Africa
Sudan: Idris’s Gradual Government Formation Sparks Deep Divisions Within the Army-Aligned Camp

Amid highly complex political and military circumstances, the Prime Minister appointed by the army in Port Sudan, Kamil Idris Al-Tayyib, has begun gradually announcing the members of his new government. This move has sparked growing tension between him and the leaders of armed movements that signed the Juba Peace Agreement.
On June 24, Idris appointed Lieutenant General Hassan Daoud Kabroon Kiyan as Minister of Defense, and Police Lieutenant General Babiker Samra Mustafa Ali as Minister of Interior. He affirmed that the government formation would be based on “independent technocrats” rather than political party affiliates, according to Sudan’s official news agency SUNA.
Control Over Sovereign Ministries
The early decision to assign the Defense and Interior Ministries to senior figures from the army and police was seen as a clear message from Idris that the sovereign ministries would remain under the control of the army and its leader Abdel Fattah al-Burhan, who has ruled the country since the military coup that ousted the civilian government in October 2021. The rest of the cabinet positions remain under negotiation—particularly key economic ministries like Finance and Minerals—around which the fiercest disputes with the armed movements revolve.
Eyes on Gold: Intensifying Resource Conflict
Sources within the Port Sudan camp indicate that the real dispute is not just about the percentage of representation for armed groups, but the extent of their control over ministries that manage revenues from gold and the country’s natural resources.
While Idris insists on avoiding a quota-based system, the armed movements view these ministries as guarantees for their political and military interests. They have rejected symbolic representation or the appointment of second-tier technocrats under the label of “independents.” On the other hand, Sudan’s Islamist movement known as the “Kizan”—practically the Sudanese branch of the Muslim Brotherhood—has been steadily regaining influence over state institutions since the war began, taking advantage of the post-2019 chaos following the ouster of former President Omar al-Bashir and his Islamist regime.
Tense Negotiations and Public Protests
In an effort to contain the crisis, Idris held a meeting with 21 political and military organizations, including Minni Arko Minnawi, Abu Aqla Kikel, and Mohamed Eljakum. However, the meeting was turbulent, with Minnawi storming out in protest after being excluded from the cabinet. Leaks suggest Idris favored nominations submitted by Kikel and Eljakum, which was interpreted as an indication that the new government is leaning toward reducing the influence of traditional armed movements.
Trust Crisis With the Army: Red Lines Drawn
Military sources said that the army leadership expressed strong dissatisfaction with Minnawi’s position and sent him a delegation including two deputy directors of intelligence and security. The message was firm: continued pressure would lead to the replacement of his forces with Arab fighters from the north and center, especially after certain Zaghawa factions were accused of underperformance in battle.
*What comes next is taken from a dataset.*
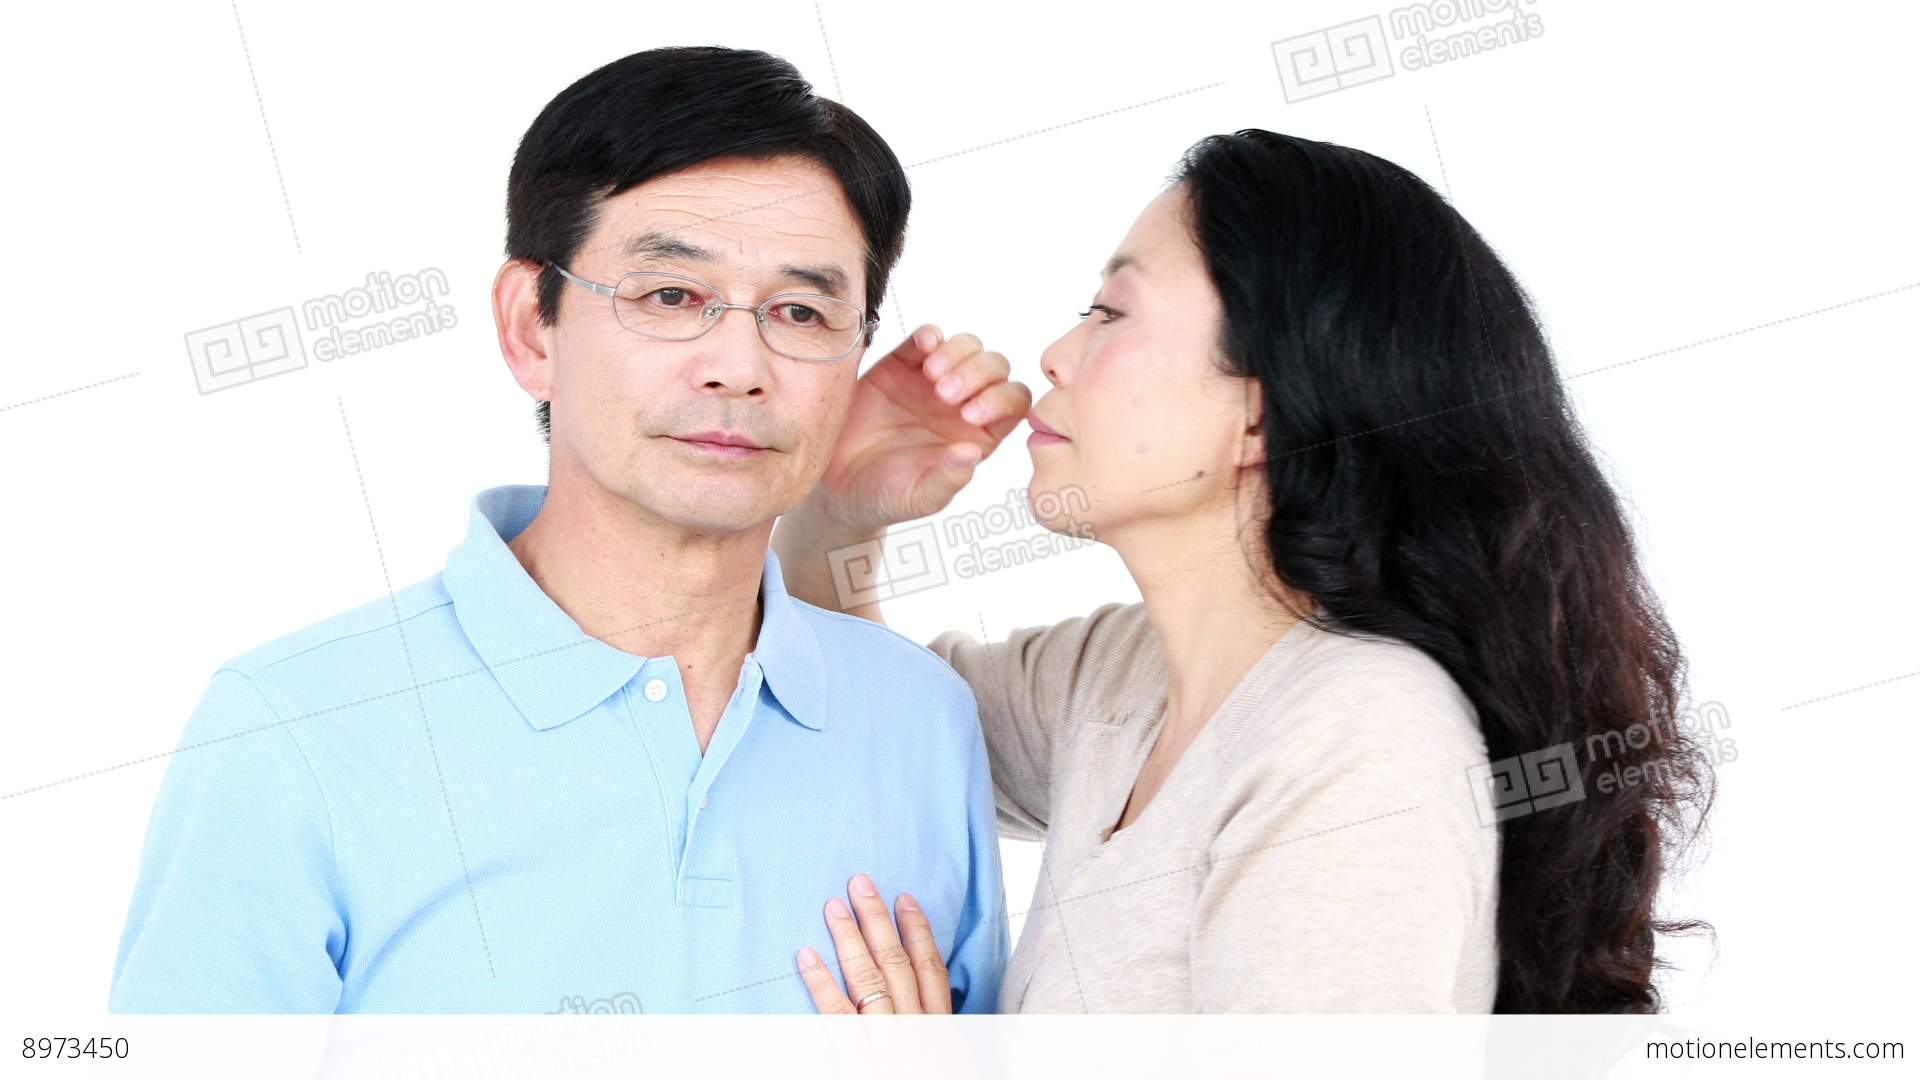 Playing com asian dating secrets

On-the-Ground Signals: Border Withdrawal and Silent Messages
The armed movements didn’t limit themselves to political objections. On June 11, they executed a surprise withdrawal from the strategic border triangle area between Sudan, Egypt, and Libya, without engaging the Rapid Support Forces (RSF) in battle.
The army claimed the withdrawal was for “defensive purposes,” but in reality, the move reflects a deep divergence in priorities between the army and the movements at a critical moment in the war. Sudanese sources confirmed that the area was effectively handed over after direct communication between armed group leaders and RSF commanders.
Consequences of Defeats in Kordofan: A Fragmenting Alliance
The Sudanese army’s major defeat at the end of May in Kordofan—especially the fall of Al-Debibat city and key areas like Al-Khuwi, Al-Hammadi, and Umm Sumayma—further weakened the military-political alliance in Port Sudan.
These losses triggered a wave of internal accusations of “treason,” especially following the death of General Ihab Mohamed Youssef Al-Tayyib, one of the army’s most prominent commanders.
The Sudanese newspaper Idrak cited informed sources saying some armed movement leaders are seriously considering opening communication channels with the RSF, seeing the alliance with the army as a strategic mistake—particularly as they perceive the military to be increasingly influenced by “extremist Islamist factions.”
Summary: A Government Under Siege
Despite its rhetoric of technocracy and independence, the Idris government faces real structural challenges.
It is squeezed between an army seeking to consolidate full power and armed movements that see key ministries as essential levers of influence. Meanwhile, battlefield losses continue to erode Port Sudan’s leverage.
The pressing question now is: Can Idris succeed in forming a balanced government that satisfies all sides, or will old alliances collapse under the pressure of gold and battlefield realities?